In her new novel, Adichi is less interested in history than in lukewarm love stories, which, despite their abundance, always end tragically for all the women. This is reminiscent of TV series formats such as a  Desperate Housewife's and Sex and the City, not least in the repetitive nature of the stories, which lack any ambivalence and are therefore dull in their one-dimensional nature, and especially because the moral of the story is always essentially the same. Adichie has been reiterating this moral since her TED Talk We Should All Be Feminists and its extraction into an essay of the same name in 2014: Dare to be more feminist so that the world can finally change.

However, one rarely believes in her well-off heroines suffering, and their desire for a changed world. What's more, 'money doesn't make you happy' is such a cliché that you don't want to read it on every page of a novel that is over 400 pages long. Adichie does, however, attempt to use the character of Kadiatou to expand the redundant life paths of her wealthy protagonists and creates an underclass figure who not only experiences severe suffering in her native Nigeria, but also in her new home, the USA. Adichie very freely intertwines the story of the chambermaid Nafissatou Diallo, who was sexually abused by the French politician Dominique Gaston André Strauss-Kahn in a New York hotel, with the life story of her heroine. Although this seems like an superimposed foreign element in the narrative and does not even come close to the intensity of Abi Daré's coming-of-age novel The Girl with the Louding Voice , it does finally offer a small spark of the social realism that underpinned Adichie's early novels and which is largely sacrificed here for a story about rich people who, at best, argue with their private chef about the importance of forming a national identity through indigenous cuisine. Or who support their housekeeper in her fight against American lawyers and the lying media. Or who have a child after all, even if the husband doesn't want it. This seems rather outdated in view of the three great waves of the women's movement, especially when phrases appear that can hardly be surpassed in their banality:

"There was no wavering will, no fear. We are in love and then we are not in love. Where does love go when we stop loving?"

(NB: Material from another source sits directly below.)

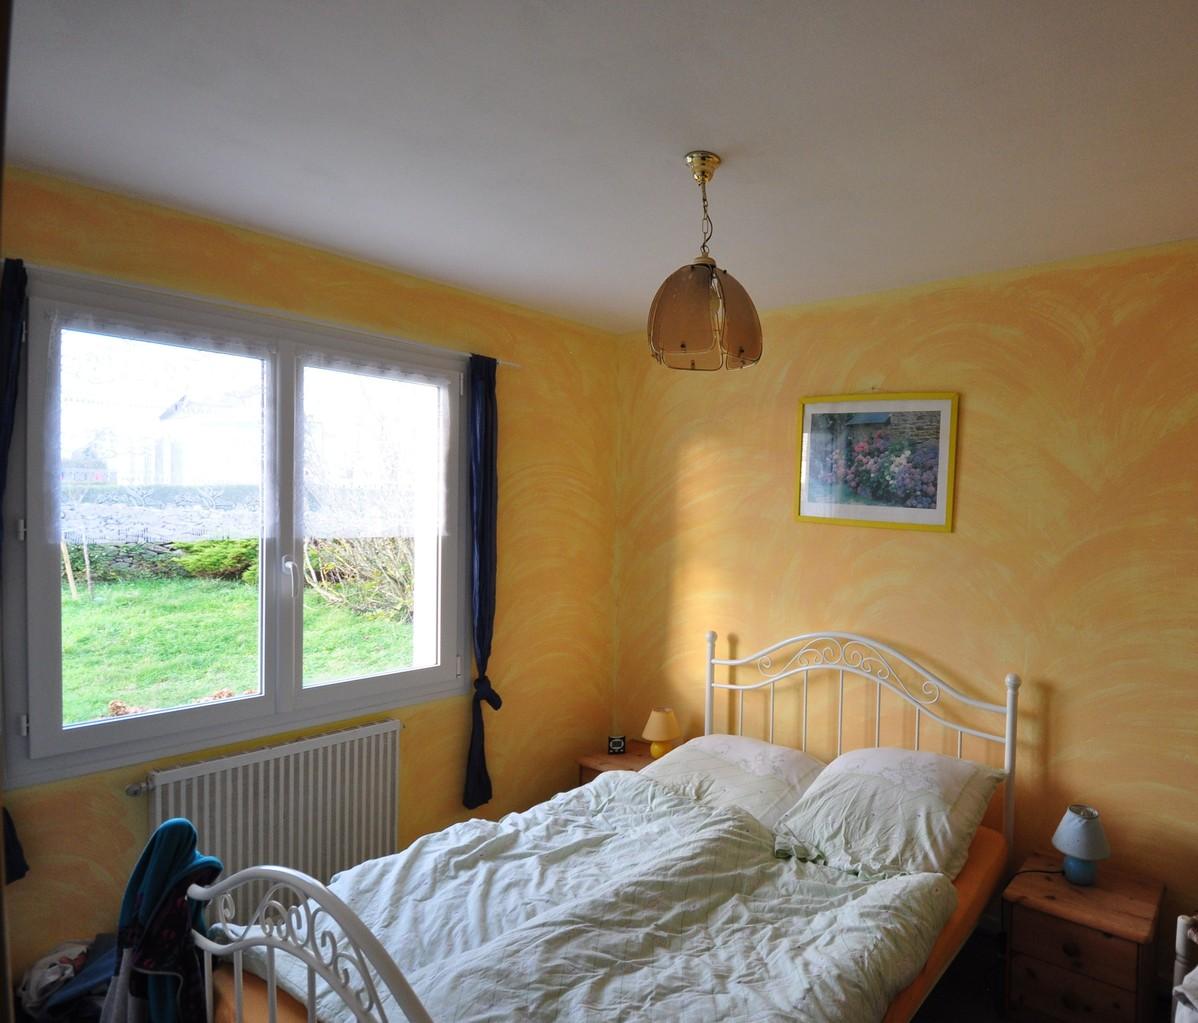 Schlafzimmer unten, Bett 140cm

The answer is reminiscent of Joseph Conrad and his Lord Jim: "Follow the dream, follow the dream again and again..." In Adichie's case, however, it is an alternative of a different life that should be dreamed of: "BUT SERIOUSLY, don't you ever dream of an entirely different life?" A sentence as important as the title of her novel, which is of course also a subtle allusion to the military term "body count" and is perhaps also intended to make it clear that the sexes are at war and that dreaming is therefore all the more important. However, Adichie's book basically says nothing about what these dreams might resemble. For all the changes in the lives of her heroines, it is not only the vision of Kadiatou and her daughter that ends up being a stale, cowardly, almost kitschy vision of a new life and a new era.

Those longing for more satisfying, exciting and visionary ideas should therefore put Adichie's novel aside and reach for Tlotlo Tsamaase's Afro-futuristic dystopia Womb City, in which a truly post-feminist heroine sets off for new worlds and a refreshingly new way of thinking.